I just popped on to my favourite site in the whole wide world “Plumbing Zone 101”, and at the top of the list was a thread titled “please help slab leak”. Now because I can make a slab leak faster than anyone on this form, I’d thought I’d pay a visit and offer my expertise. What a freaking disappointment! It wasn’t someone wanting to know how to make it leak, it was a DIY’er trying to figure out where he went wrong. 
This put me to thinking:
I believe that with the advent of the computer and some of the great sites out there like this one, a person can actually surf the net for a period of time, hang a shingle out in some of our small town newspapers and pose as a plumber. That’s right. If your stuck on a job and have some unanswered questions, hit the keyboard when you get home and with any luck someone might walk you through your dilemma.
But guys, here’s the problem!!!!
My buddies in the trade, like some of the guys on here, hate impostors. They had to do there time and they believe everyone else should also. Rightfully so!!
They are crafty buggers and can spot an impostor a mile away. Why?? Because DIY’er ask dumb, stupid questions. Oh, you try alright, and some of you are quite crafty and almost slide one by the boys. But never fear! There will be one little slip up, can be something as stupid as a wrong terminology, and the boys will be on you stink on socks.

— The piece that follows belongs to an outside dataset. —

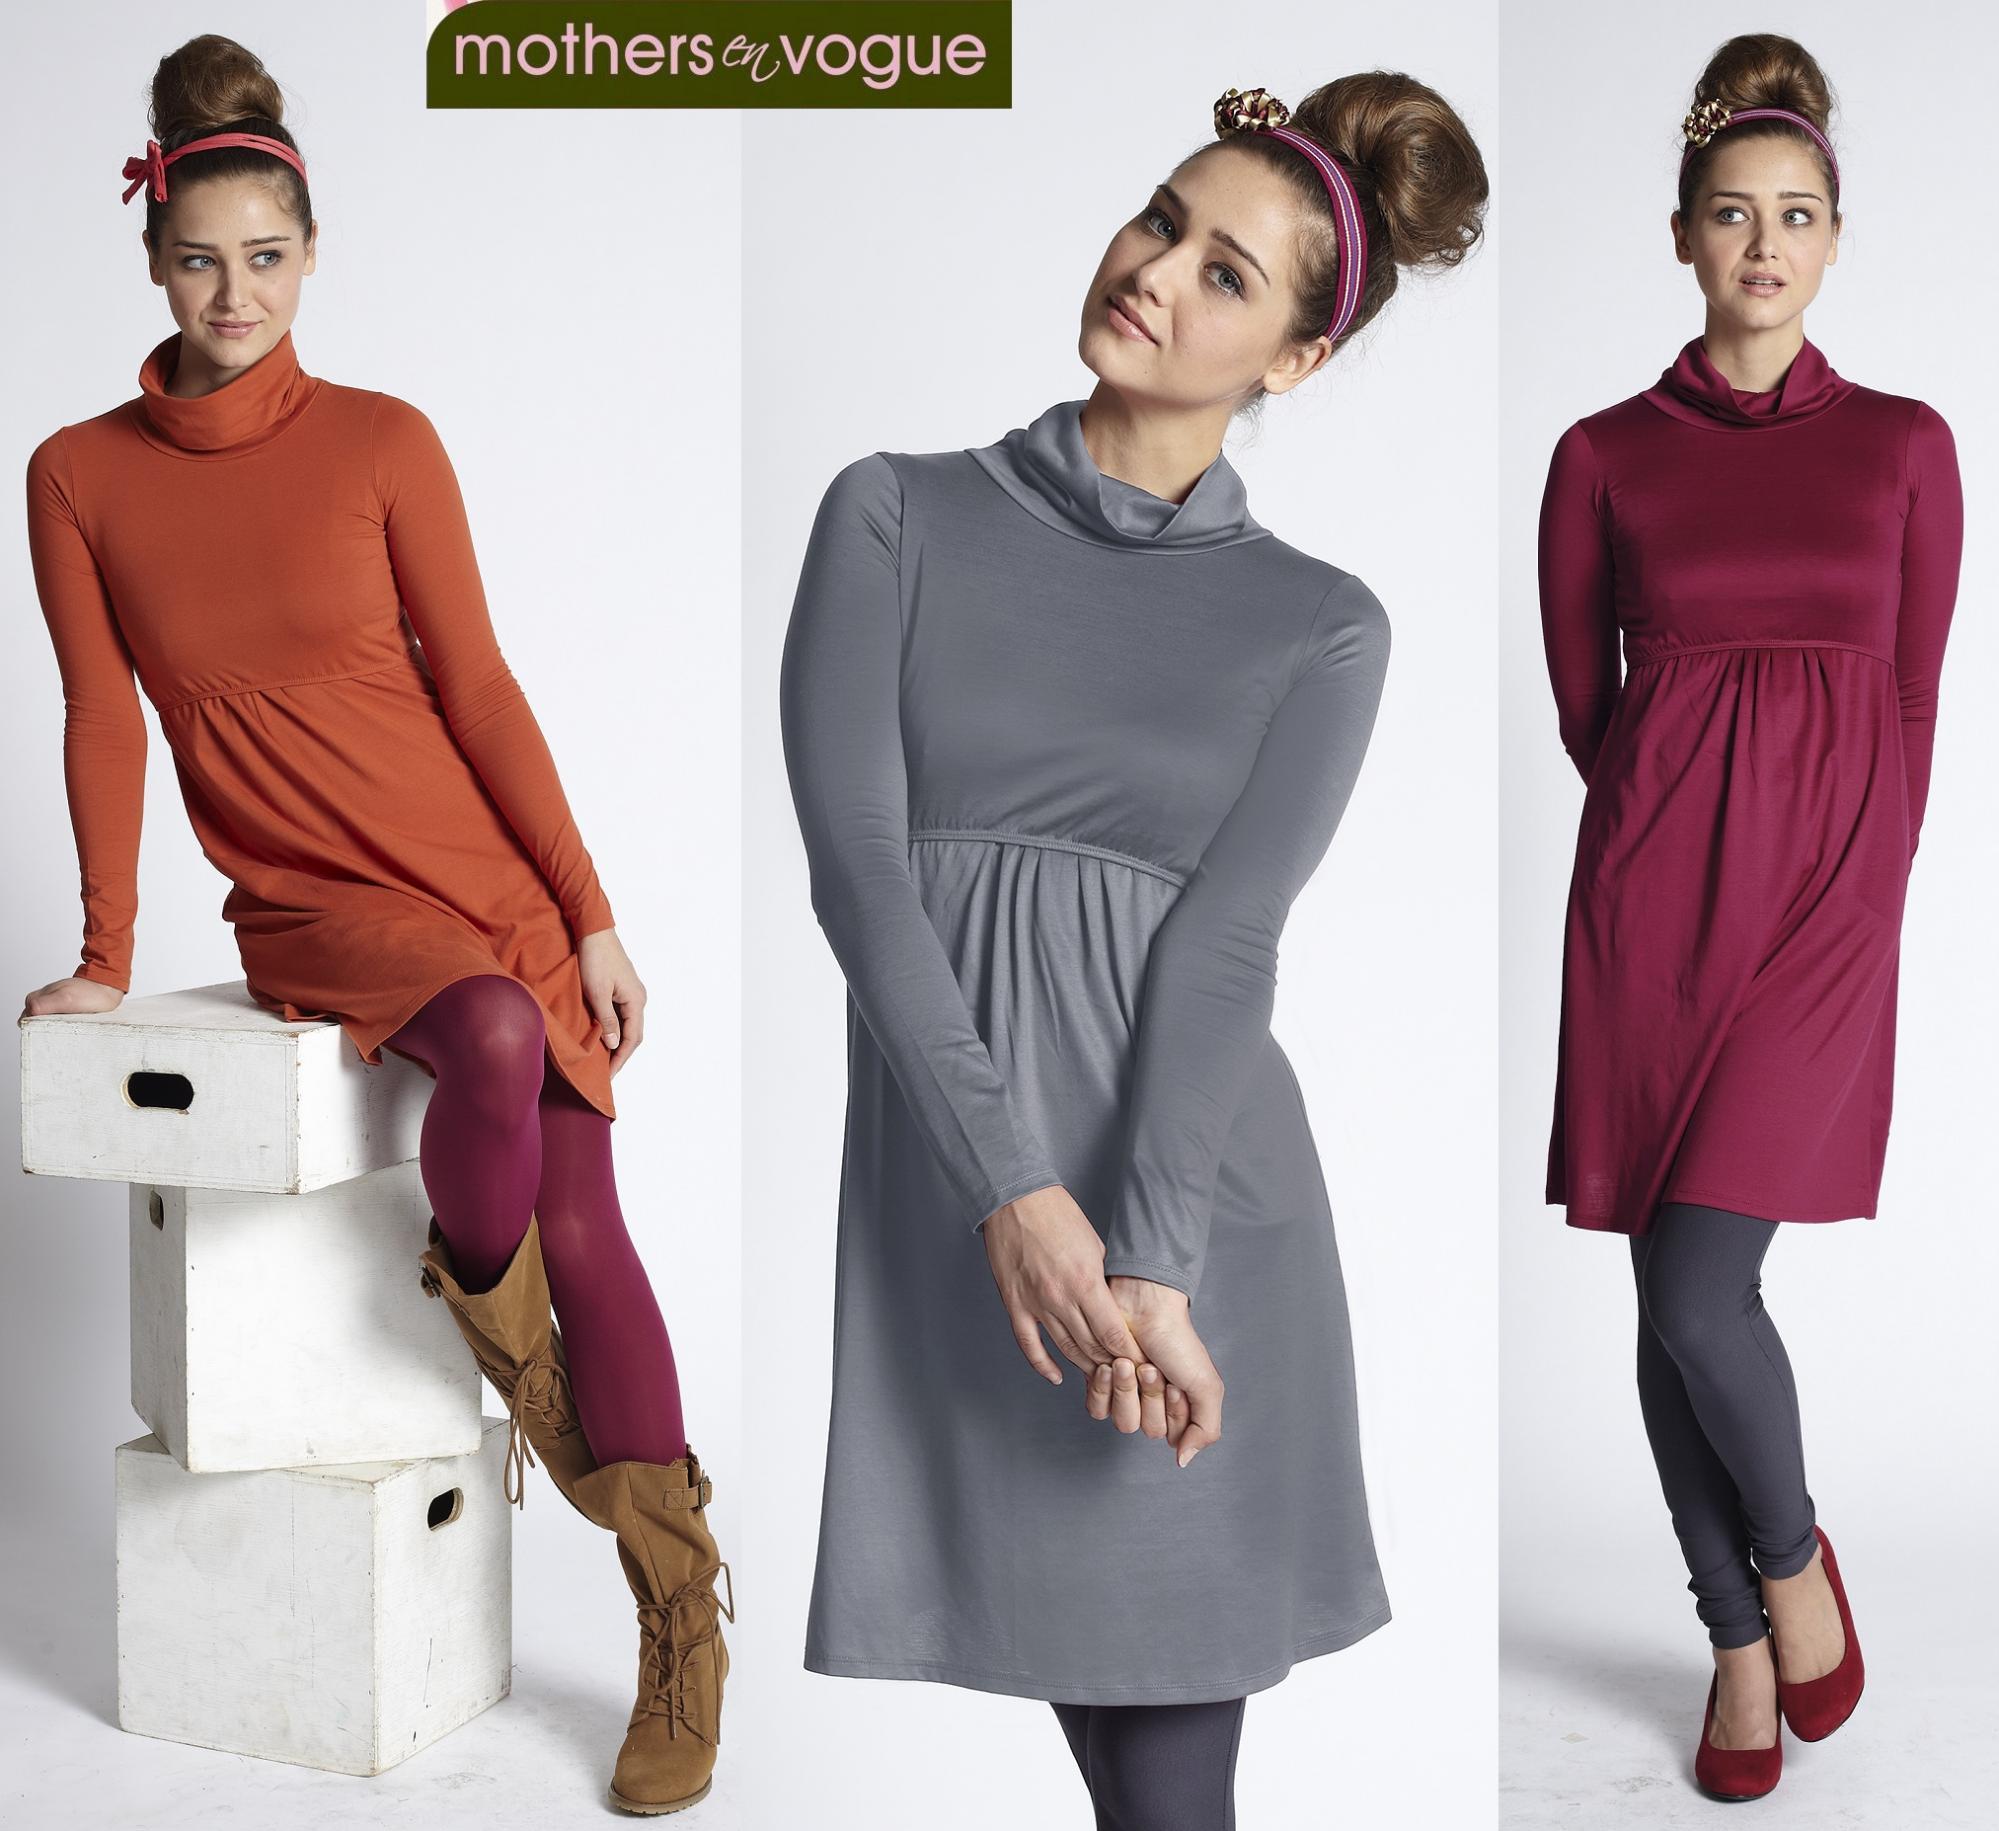 mothers-en-vogue-must-have-turtle-neck-nursing-dress-all.jpg

Once in awhile we get a “please help slab leak guy” and it’s a no brainier for the boys. They gong these guys faster than your first piece.
Now I got a solution.
You send old Trout Lake here the paltry little sum $19.95 and I’ll send you your very own Plumbing TQ. That’s right. For less than the price of gallon of flux you get your very own Plumbing Tough Question’s book. With this book, I can almost guarantee you a free ride on sites like this one. Throw a couple of my TQ’s out there and the boys will never know your true agenda. Once you gain their confidence, the odd stupid question you have to ask to get you out of the jackpot your in, will go by un-noticed. The boys will be fooled by the odd tough one you throw their way and thing the dumb one you asked is because your having a bad hair day. They'll bite on the dumb one like a trout on a maggot. When you show back up at the homeowners the next day with a solution to the problem you created the day before, he’ll think your brilliant. Life will go on, the jobs will roll in, and the boys on this site will think your one of them. 
And to think…….all of this for only $19.95

DON’T HESITATE….SEND YOUR MONEY ORDER TODAY

trout


----------



## ROCKSTARPLUMBER (Dec 14, 2008)

IM confused. What is this about again?


----------



## gusty60 (Oct 21, 2008)

I like it. I'm in.:laughing:


----------



## user823 (Feb 3, 2009)

Ok but I want 15% of the profits.:thumbup:


----------



## Bollinger plumber (Apr 3, 2009)

You need to work on your pitch it doesn't work for me. May I suggest billy mays


----------



## para1 (Jun 17, 2008)

...........you can tell he's not a real plumber, nobody would buy flux by the gallon:laughing::laughing:


----------



## Redwood (Sep 8, 2008)

para1 said:


> ...........you can tell he's not a real plumber, nobody would buy flux by the gallon:laughing::laughing:


ULLP... They wouldn't??? Guess I got figured out... :laughing:
Good one Para!

I dunno Trout Lake Your competing against my books...


----------



## ROCKSTARPLUMBER (Dec 14, 2008)

Dude, I so want a flame thrower!!!!!!!!!!!


----------



## trout lake (May 9, 2009)

Para 1
Yes there is a god.......great line:laughing:
tl


----------